Highway barricade maker Yodock Wall Co. Inc. is switching from rotational molding to blow molding to improve efficiency.
Yodock designs and sells hollow high density polyethylene barriers that are easier and cheaper to transport to job sites than solid concrete competitors. Workers fill the barriers with up to 100 gallons of chlorinated water for ballast once they are in place, then simply drain them when the job is complete. The barriers are typically used at road construction projects and for crowd control and protection.
Each barrier is 5 feet wide, nearly 9 feet long and more than 5½ feet tall. Rotomolding could produce about three barriers per hour, said blow molding consultant Daryle Damschroder, who worked with Yodock to convert the product to blow molding.
The company first came to Damschroder's D2 Blow Molding Solutions of Elmore, Ohio, in 2007 for advice on how to change processing techniques so it could produce barriers faster, reducing its costs, Damschroder said Oct. 7 during the Society of Plastics Engineers' 2009 Annual Blow Molding Conference in East Lansing.

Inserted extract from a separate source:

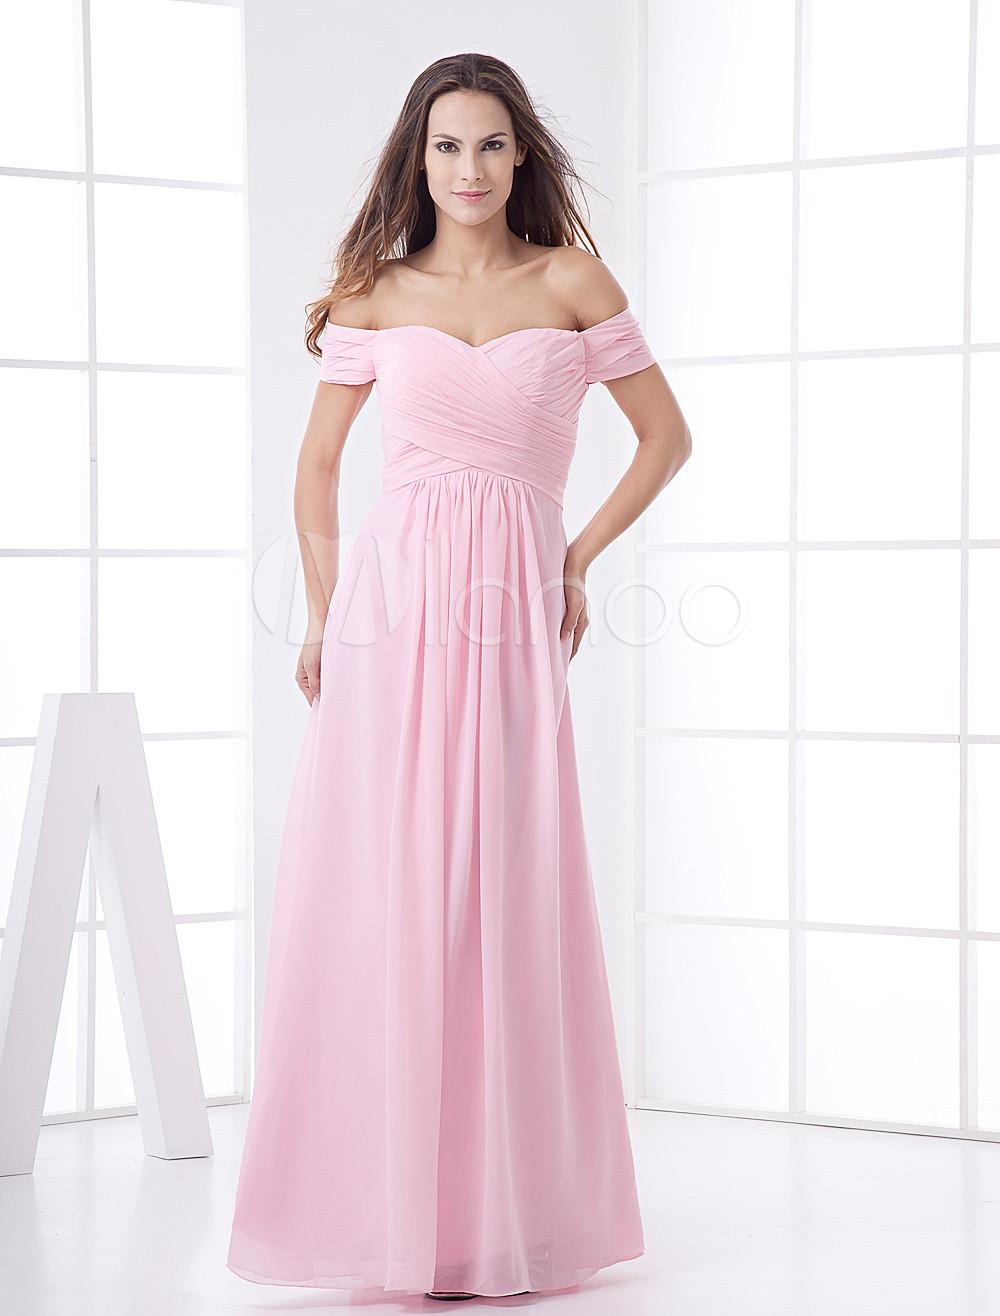 Glamorous Pink Chiffon A-line Maxi Bridesmaid Dress

His first thought, Damschroder said, was that it could not be done, but by rethinking some of the barrier's design, Yodock, mold maker FPM Tooling & Automation of Fremont, Ohio, and molder Roth Global Plastics Inc. of Syracuse, N.Y., came up with a barrier that could meet all of the company's requirements and be molded within five minutes.
The project is similar to other new business coming to FPM companies looking to convert production to blow molding, said President Martin Cass.
To make the blow molded barrier happen, the engineers also converted some parts to injection molding - such as sockets and filling pipes - which are then welded into place on the barrier. A connecting part, roughly the shape of a dog bone, is also injection molded, Damschroder said.
Complicating issues, the completed product must be able to withstand a 30-mile-per-hour impact under federal highway standards. The barrier also must comply with the Americans with Disabilities Act, which requires that nothing sticks out that could trip up people in wheelchairs or using canes.
Yodock also wanted a barrier that could be used alongside existing rotational molded barriers for customers that already owned older units, Cass said.
The finished tool has 13 hydraulic components and Roth uses 130 pounds of resin in a single shot.